## WHAT IS BEING ASKED:
Leaving the pictures aside, return all of the data below exactly.

## GIVEN DATA:
+--
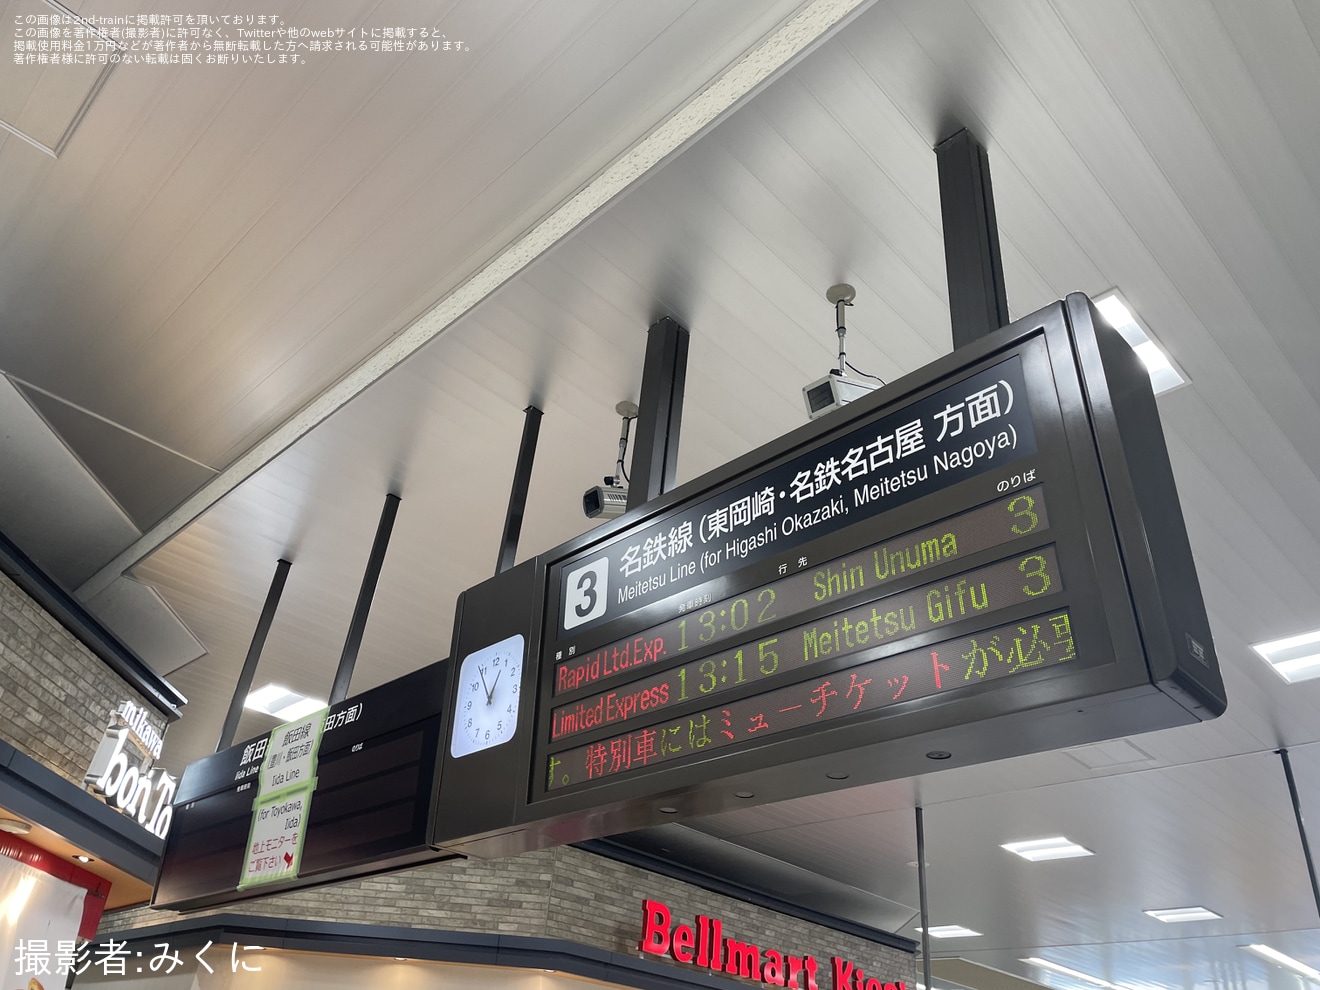 【JR海】豊橋駅の電光掲示板が使用停止となり床置きのLCDにの拡大写真
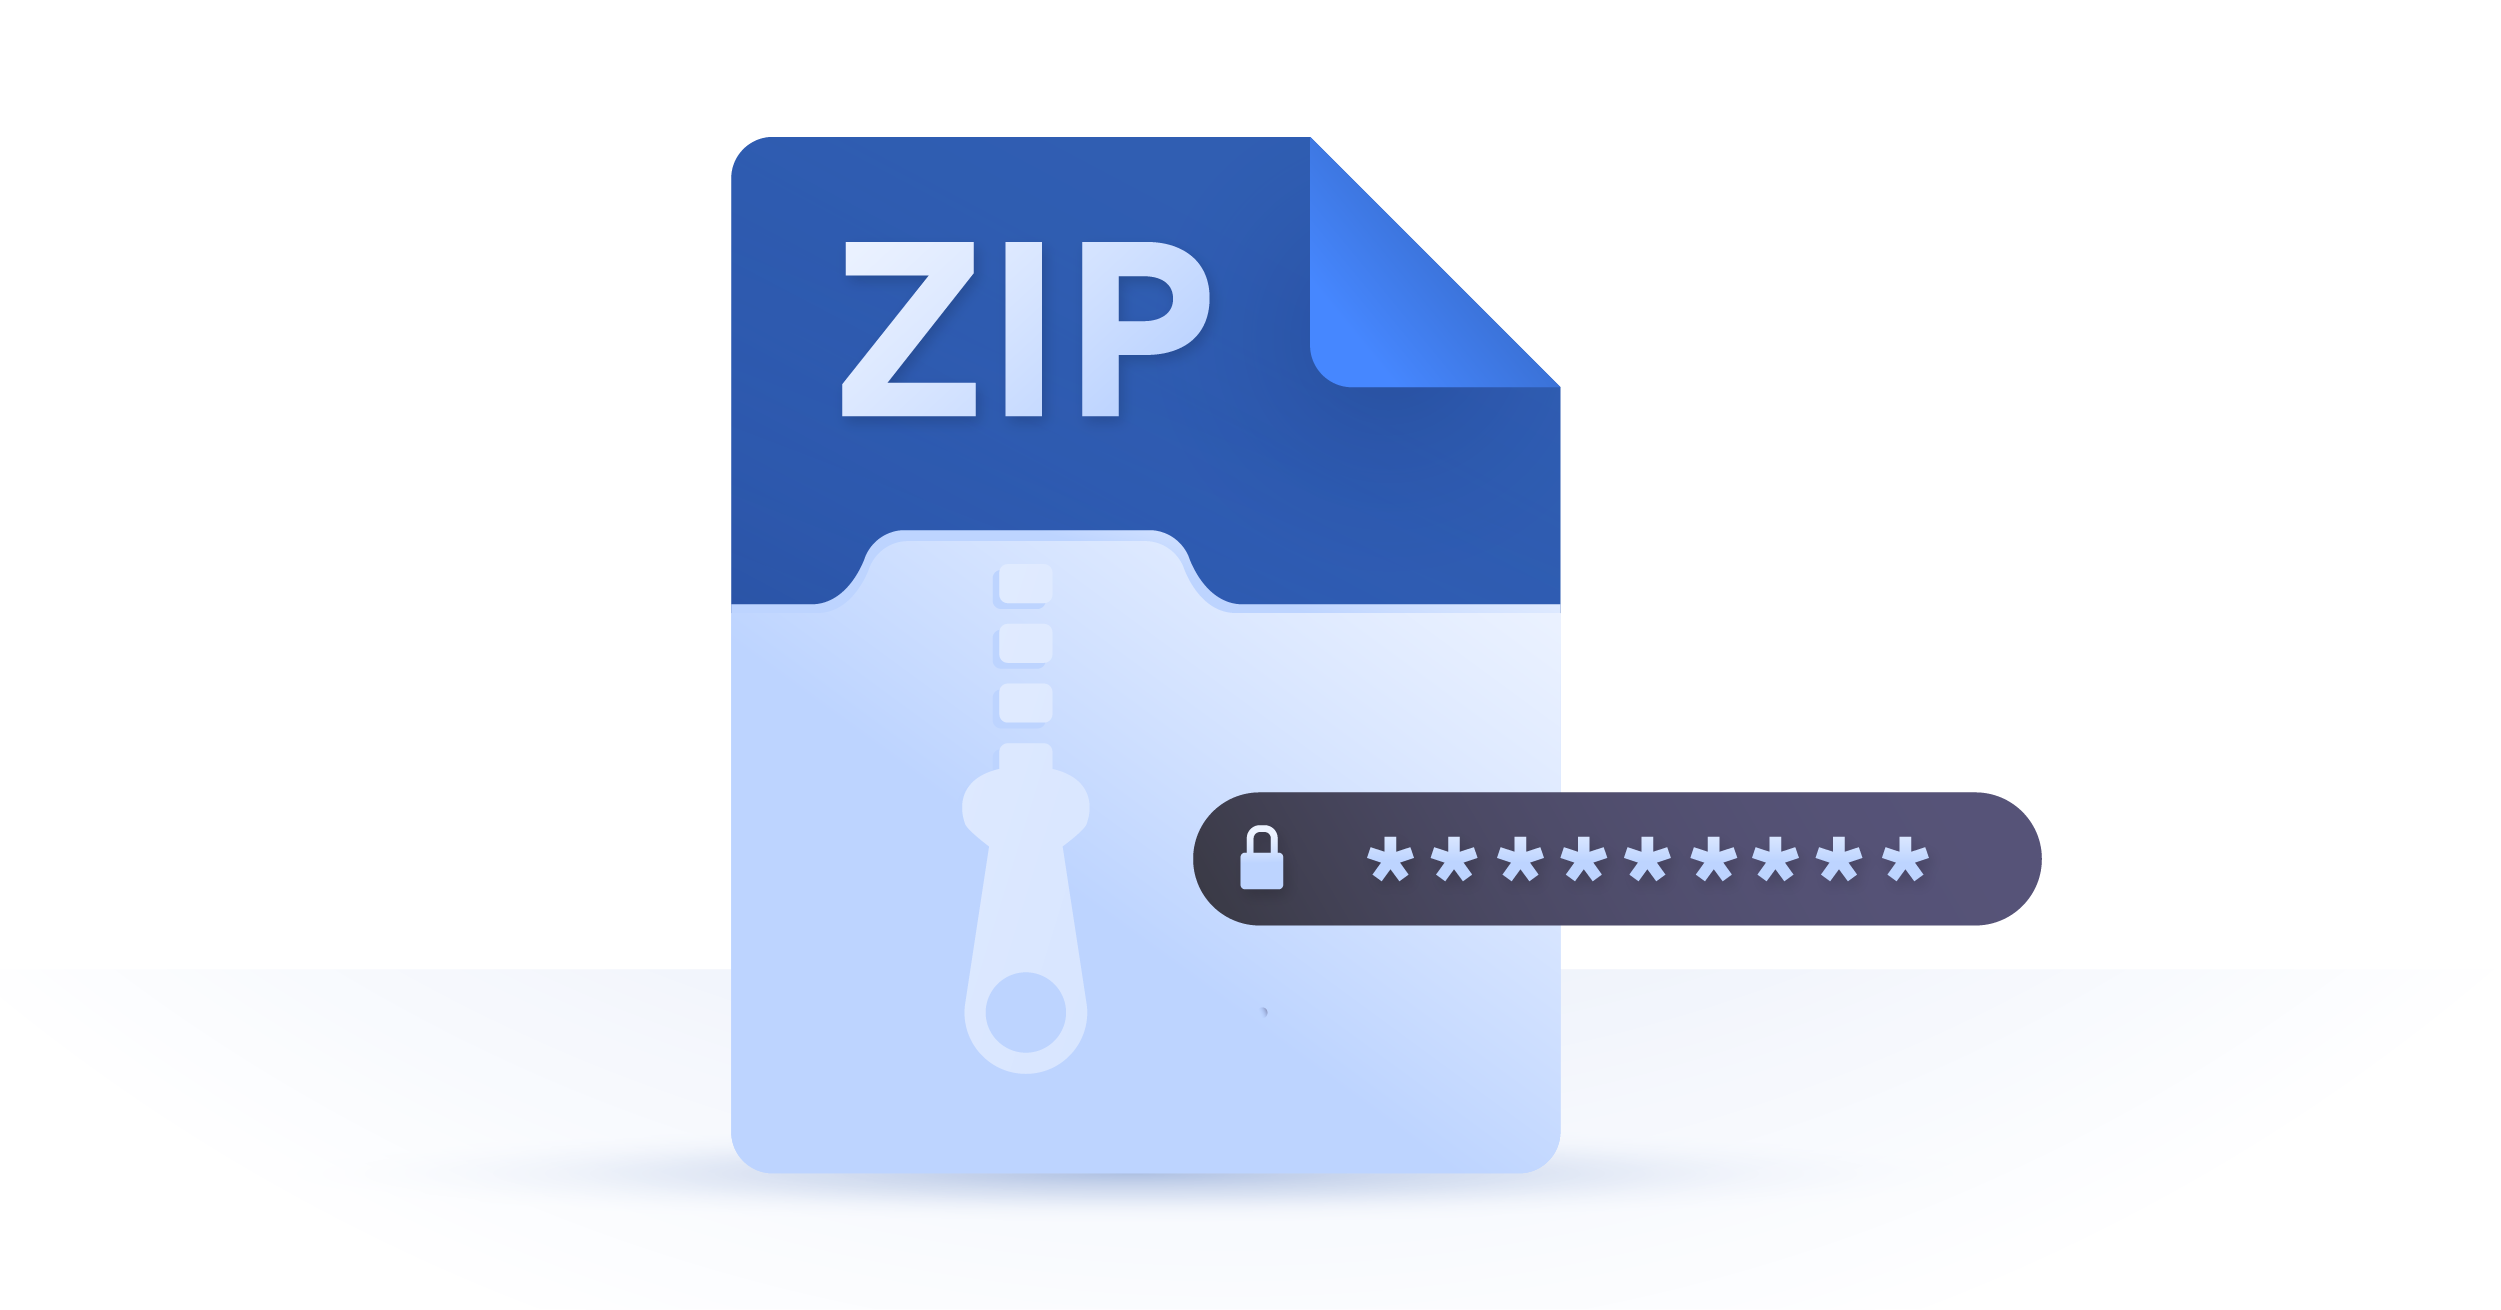 zip folder with password
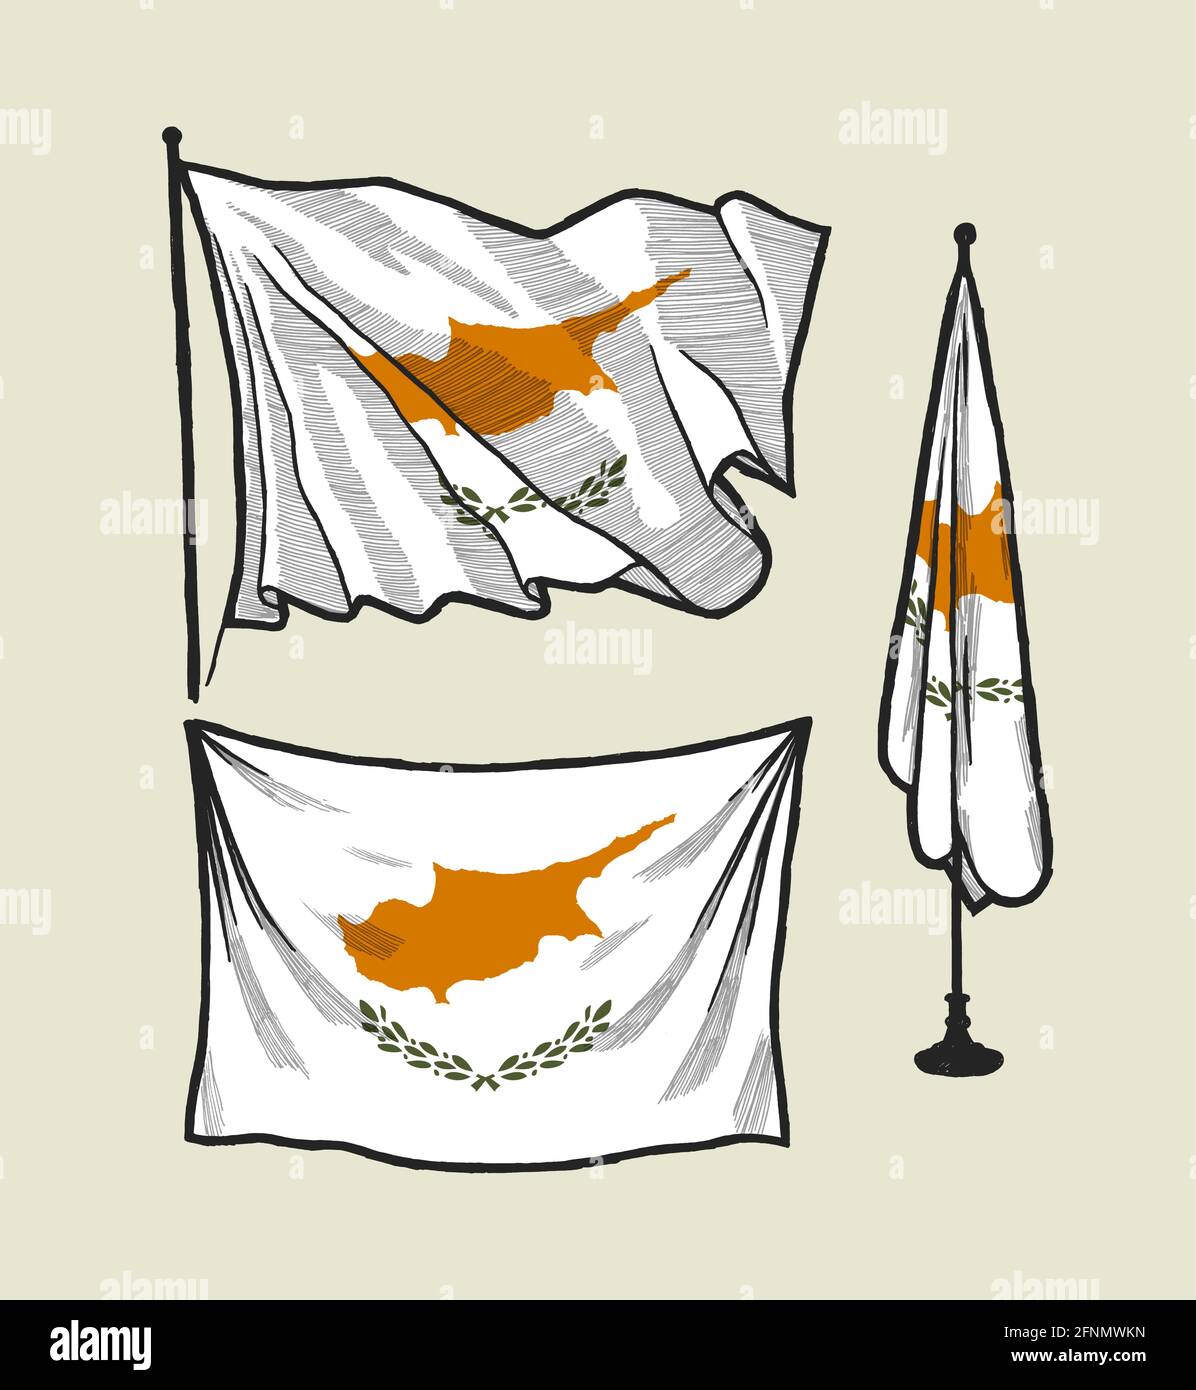 Bandiera di Cipro sul disegno del vento. Bandiera di Cipro appesa al muro - immagine vettoriale in stile vintage Illustrazione Vettoriale
+--
## TASK ANSWER:
 【JR海】豊橋駅の電光掲示板が使用停止となり床置きのLCDにの拡大写真
 zip folder with password
 Bandiera di Cipro sul disegno del vento. Bandiera di Cipro appesa al muro - immagine vettoriale in stile vintage Illustrazione Vettoriale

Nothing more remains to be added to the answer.